Home COVID-19 Asia’s consumption recovery will slow into 2023, but not reverse

Asia’s consumption recovery will slow into 2023, but not reverse

Priyanka Kishore
Rising real incomes will keep Asia’s consumption growth stronger than other parts of the world
Economic and Forum Director at IMA Asia

A household spending rebound underpinned Asia’s resilient growth in the first half of 2022. Despite an Omicron wave at the start of the year, worsening stagflation shocks due to the war in Ukraine, and China’s lockdowns, private consumption growth has been robust.

This undoubtedly reflects pent-up appetites. With most of the region under strict social-distancing measures well into late 2021, COVID fatigue was clearly on the rise, and the consumer was raring to spend. But it also helps that, unlike in most Western economies, real incomes have not declined in Asia. With wage growth outpacing inflation, consumption has been boosted by re-openings and rebounding tourism. At the same time, governments have stepped up measures to shield consumers from the increase in consumer prices and normalising financial conditions.

Exhibit 1: Global downturn will put another dent in Asia’s consumption recovery but not derail it

Source: Oxford Economics/Haver Analytics

Bottom-up data signal a turn

At first glance, retail sales trends do not appear particularly discouraging. South Korea’s weakness likely reflects a rotation from goods to services, as consumption posted strong sequential growth in the second quarter. That said, retail sales in some countries, such as Thailand and Singapore, are recovering from very depressed levels and may be peaking. At the same time, consumer sentiment surveys present a more sobering picture (Exhibit 2). Confidence indices are generally trending lower, with Indonesia, India and the Philippines notable exceptions.

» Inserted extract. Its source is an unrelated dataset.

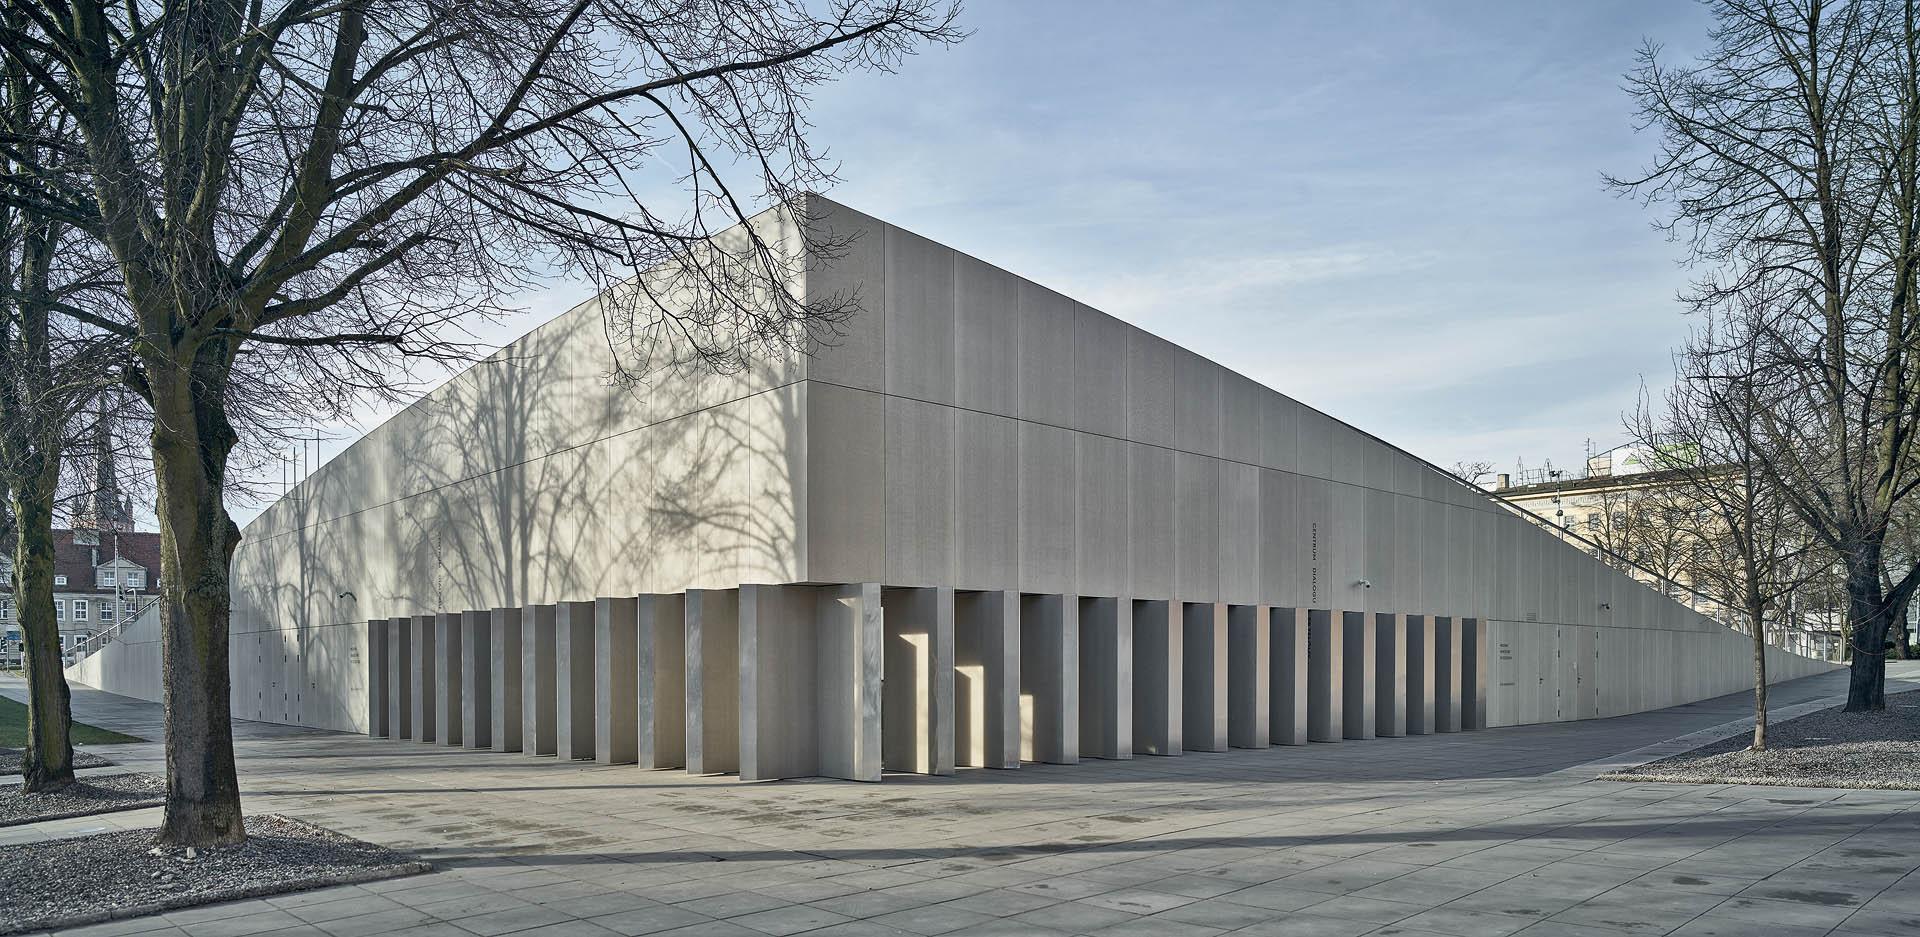 betonowe żaluzje powodują otwieranie się budynku na otoczenie lub zamykanie w monolityczną bryłę

Exhibit 2: Rising inflation has hit consumer sentiment

Source: Oxford Economics/Haver Analytics

This raises the question of whether a downturn in consumption is just around the corner. It isn’t unusual for real consumer spending to respond with a lag during periods of high inflation. Households may not have factored in price increases into their budgets, given the continuing debate over the persistence of what remains largely supply-side-driven inflation.

A slowdown is in the offing

Downside pressures, in our view, have risen. While China’s re-opening will impart a positive impulse to exports in the third quarter and support earnings and consumption, we expect momentum to slow thereafter and remain muted in 2023 as the external backdrop weakens considerably. In line with this, we forecast Asia ex-China’s consumption growth to slow to 3.2% in 2023 from 4.6% in 2022.

Looking at intra-regional dynamics, we think that Northeast Asia economies will underperform India and Southeast Asia (Exhibit 3). While South Korea’s consumption growth has been resilient in the face of the region’s most aggressive monetary tightening so far, we do not think this can sustain.

More generally, Northeast Asian economies’ greater economic integration with China and reliance on certain exports as drivers of growth, exposes it to stronger headwinds in an environment of modest recovery in the mainland and surging recession fears in the US and in Europe. Most Southeast Asian economies are also open and subject to similar downsides, but they benefit to a degree from trade diversification and a greater contribution of tourism to employment and growth.

Exhibit 3: Consumption will likely slow more in Northeast Asia than elsewhere

Source: Oxford Economics/Haver Analytics

But in the short term, Asia seems better placed than others

Globally, however, Asia’s consumption is likely to continue growing at a faster pace than other regions in 2023. Four factors underpin this divergence.

Living with COVID

With most of Asia now having transitioned to living with COVID, we expect fewer disruptions to activity and spending from containment measures, although there are important exceptions. China still has a zero-COVID strategy, and Hong Kong and Japan also have strict policies in place to limit a renewed rise in infections. Elsewhere, however, there’s little inclination to re-impose severe social distancing to tackle new COVID waves. This will give Asian consumers more scope to spend going forward and bring them on par with consumers in other regions that switched to an endemic COVID approach much earlier.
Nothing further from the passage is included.